What the exercise asks:
In the records below, count every line where the string "Shower" appears, and reply with the count only.

Stored data entries:
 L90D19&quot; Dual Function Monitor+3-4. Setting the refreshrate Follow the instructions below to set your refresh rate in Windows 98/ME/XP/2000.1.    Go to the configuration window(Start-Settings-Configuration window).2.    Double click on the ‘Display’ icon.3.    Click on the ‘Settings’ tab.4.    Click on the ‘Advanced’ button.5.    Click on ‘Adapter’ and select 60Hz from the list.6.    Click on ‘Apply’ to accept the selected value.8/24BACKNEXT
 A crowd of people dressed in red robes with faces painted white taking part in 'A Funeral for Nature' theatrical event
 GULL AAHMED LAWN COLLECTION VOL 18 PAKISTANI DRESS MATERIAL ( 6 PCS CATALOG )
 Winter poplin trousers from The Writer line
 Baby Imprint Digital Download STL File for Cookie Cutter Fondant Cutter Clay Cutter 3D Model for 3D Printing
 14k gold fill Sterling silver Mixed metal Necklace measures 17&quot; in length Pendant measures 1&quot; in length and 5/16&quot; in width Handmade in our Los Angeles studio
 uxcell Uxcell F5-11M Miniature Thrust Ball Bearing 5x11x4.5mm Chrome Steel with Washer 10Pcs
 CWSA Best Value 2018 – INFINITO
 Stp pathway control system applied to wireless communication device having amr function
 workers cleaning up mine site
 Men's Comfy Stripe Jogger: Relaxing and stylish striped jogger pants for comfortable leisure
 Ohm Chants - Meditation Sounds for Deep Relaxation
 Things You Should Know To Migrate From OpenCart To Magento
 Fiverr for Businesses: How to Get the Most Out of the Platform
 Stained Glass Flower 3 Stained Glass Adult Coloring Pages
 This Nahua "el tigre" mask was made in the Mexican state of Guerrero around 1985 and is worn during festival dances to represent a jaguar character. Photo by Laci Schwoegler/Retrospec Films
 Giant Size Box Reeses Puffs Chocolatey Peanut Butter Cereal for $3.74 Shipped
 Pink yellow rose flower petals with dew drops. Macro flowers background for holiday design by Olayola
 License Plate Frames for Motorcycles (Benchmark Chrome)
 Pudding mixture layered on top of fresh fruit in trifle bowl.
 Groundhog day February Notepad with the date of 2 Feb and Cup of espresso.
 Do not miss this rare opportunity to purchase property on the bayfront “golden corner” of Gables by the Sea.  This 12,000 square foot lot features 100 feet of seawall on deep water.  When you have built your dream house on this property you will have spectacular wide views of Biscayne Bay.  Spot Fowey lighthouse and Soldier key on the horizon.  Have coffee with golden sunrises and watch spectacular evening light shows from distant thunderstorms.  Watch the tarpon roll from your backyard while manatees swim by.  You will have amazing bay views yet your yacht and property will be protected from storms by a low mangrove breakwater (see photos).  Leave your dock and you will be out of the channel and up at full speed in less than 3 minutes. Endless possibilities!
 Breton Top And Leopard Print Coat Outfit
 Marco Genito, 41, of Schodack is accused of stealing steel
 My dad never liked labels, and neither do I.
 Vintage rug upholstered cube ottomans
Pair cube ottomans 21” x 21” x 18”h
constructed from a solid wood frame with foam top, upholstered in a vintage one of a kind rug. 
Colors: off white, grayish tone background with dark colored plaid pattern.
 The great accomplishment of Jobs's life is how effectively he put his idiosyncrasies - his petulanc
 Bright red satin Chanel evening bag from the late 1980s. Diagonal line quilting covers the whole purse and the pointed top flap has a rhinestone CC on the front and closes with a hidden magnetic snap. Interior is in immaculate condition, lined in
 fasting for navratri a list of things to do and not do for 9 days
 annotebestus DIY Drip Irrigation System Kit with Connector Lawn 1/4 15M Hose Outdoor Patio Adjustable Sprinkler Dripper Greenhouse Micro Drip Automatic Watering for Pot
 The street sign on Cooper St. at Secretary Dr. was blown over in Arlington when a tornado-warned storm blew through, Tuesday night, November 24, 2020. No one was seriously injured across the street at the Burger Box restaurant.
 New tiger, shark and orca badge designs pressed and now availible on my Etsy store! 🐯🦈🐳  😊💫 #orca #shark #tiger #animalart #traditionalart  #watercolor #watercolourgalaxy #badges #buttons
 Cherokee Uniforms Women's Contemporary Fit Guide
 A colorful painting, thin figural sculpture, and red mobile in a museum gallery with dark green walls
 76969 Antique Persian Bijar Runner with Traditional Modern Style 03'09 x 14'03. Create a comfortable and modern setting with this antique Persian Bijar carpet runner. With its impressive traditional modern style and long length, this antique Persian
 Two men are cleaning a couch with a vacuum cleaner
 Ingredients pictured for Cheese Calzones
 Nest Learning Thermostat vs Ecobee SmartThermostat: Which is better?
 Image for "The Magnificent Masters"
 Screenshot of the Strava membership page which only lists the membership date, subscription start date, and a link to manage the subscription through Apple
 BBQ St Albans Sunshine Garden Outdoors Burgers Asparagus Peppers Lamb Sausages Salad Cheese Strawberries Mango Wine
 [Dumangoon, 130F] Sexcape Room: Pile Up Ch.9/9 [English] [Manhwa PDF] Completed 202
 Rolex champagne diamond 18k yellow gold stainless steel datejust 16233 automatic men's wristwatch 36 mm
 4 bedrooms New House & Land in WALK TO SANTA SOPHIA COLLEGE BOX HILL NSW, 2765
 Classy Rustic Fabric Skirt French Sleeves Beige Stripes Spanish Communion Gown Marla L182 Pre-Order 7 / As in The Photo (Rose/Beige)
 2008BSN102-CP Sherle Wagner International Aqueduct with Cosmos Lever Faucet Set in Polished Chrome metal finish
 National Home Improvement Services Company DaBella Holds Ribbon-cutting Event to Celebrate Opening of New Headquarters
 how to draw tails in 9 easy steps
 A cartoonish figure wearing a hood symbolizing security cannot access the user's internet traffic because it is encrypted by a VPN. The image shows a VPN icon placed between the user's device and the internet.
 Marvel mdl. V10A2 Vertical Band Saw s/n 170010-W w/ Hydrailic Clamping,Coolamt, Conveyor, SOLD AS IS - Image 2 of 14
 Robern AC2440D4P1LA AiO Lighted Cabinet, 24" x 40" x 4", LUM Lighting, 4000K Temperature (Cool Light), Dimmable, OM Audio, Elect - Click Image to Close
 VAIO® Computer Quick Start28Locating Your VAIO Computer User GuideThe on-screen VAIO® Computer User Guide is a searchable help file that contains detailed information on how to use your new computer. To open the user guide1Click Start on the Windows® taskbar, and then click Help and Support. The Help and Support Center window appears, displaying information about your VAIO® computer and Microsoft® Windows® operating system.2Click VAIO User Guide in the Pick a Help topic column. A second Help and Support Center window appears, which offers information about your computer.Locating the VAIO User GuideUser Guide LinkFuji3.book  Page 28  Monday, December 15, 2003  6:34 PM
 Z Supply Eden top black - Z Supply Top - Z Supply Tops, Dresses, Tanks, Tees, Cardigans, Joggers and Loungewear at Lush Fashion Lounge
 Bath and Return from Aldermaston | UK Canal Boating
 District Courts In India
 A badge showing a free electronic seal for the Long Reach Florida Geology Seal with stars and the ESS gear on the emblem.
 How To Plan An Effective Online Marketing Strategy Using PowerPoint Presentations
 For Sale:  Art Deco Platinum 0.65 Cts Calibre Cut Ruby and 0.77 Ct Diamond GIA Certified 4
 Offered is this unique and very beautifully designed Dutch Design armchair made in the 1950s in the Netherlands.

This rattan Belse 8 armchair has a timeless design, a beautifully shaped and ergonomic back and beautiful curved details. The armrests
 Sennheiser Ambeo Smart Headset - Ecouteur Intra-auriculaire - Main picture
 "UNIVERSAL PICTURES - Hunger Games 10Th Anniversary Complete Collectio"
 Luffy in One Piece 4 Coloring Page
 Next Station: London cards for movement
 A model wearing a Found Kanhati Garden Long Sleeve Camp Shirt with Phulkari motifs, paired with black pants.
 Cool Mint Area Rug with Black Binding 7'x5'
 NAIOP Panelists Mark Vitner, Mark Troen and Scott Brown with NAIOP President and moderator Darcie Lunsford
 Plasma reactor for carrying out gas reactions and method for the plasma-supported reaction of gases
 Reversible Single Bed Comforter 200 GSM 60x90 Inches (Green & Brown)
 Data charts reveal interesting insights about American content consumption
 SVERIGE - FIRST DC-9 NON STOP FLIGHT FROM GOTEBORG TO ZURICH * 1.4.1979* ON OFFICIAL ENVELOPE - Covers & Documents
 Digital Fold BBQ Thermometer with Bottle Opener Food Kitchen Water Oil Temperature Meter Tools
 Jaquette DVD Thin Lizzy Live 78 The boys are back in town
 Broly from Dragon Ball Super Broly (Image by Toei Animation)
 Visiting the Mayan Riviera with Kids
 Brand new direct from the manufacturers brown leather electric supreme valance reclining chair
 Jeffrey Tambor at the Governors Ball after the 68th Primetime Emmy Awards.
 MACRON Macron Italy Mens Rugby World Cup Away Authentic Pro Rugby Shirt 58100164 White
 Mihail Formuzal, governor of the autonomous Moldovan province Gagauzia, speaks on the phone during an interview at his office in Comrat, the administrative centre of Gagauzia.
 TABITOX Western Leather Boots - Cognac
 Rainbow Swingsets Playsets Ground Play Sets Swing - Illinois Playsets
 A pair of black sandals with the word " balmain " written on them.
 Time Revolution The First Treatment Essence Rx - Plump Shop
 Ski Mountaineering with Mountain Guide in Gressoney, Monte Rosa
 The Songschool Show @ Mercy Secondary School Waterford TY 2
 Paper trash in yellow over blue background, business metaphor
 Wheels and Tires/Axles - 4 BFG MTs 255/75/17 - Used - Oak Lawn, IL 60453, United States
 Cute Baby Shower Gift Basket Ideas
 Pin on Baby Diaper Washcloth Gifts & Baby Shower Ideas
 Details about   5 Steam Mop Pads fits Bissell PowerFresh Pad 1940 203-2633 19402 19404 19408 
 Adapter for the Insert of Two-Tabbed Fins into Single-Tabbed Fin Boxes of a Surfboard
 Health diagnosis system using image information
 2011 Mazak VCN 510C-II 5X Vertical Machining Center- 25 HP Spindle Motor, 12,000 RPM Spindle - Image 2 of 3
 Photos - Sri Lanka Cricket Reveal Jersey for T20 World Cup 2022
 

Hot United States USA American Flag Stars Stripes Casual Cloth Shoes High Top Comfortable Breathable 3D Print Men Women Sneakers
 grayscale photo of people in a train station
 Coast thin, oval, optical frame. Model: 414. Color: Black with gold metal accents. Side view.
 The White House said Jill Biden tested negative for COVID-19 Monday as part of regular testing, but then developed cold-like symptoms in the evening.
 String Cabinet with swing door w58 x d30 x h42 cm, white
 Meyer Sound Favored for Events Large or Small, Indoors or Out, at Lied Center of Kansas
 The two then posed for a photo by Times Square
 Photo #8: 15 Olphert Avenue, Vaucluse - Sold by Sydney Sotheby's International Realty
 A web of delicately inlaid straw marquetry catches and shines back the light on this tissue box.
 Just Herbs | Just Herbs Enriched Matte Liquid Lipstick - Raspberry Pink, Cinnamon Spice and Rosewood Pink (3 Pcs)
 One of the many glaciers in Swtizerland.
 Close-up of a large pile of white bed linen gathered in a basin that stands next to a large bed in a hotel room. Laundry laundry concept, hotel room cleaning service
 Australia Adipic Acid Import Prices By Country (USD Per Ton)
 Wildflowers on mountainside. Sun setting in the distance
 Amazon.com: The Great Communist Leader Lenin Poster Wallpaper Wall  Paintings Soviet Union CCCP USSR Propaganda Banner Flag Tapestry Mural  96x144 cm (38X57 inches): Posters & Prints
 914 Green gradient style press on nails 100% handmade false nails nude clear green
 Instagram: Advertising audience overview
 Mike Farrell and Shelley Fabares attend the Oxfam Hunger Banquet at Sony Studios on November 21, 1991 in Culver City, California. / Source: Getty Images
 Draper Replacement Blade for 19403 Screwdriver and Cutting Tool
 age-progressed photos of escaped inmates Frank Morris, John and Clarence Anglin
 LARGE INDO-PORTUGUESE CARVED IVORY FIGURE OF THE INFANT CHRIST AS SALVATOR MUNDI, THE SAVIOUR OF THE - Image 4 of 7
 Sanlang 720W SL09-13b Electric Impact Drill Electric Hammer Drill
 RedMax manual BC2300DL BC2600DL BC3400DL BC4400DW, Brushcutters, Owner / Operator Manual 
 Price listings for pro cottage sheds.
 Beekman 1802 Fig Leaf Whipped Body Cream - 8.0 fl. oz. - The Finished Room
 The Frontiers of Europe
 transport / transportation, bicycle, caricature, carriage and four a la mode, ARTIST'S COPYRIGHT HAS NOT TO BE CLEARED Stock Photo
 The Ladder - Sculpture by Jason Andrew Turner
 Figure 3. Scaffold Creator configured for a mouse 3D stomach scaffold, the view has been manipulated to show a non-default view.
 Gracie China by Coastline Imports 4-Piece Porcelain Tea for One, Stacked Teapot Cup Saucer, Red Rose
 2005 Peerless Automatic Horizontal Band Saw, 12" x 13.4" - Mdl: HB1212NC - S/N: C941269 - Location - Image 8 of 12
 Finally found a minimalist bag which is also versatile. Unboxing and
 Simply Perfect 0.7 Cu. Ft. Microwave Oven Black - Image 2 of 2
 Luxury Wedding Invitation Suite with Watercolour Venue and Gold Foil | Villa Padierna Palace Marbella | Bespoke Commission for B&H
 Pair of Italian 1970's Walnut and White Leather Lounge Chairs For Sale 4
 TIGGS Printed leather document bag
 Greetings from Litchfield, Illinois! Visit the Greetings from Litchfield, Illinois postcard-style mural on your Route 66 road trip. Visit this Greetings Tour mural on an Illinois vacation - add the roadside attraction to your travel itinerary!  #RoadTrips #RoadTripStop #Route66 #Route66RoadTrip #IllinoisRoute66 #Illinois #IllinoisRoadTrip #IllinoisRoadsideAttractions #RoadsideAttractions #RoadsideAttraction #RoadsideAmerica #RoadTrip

Response to this task:
2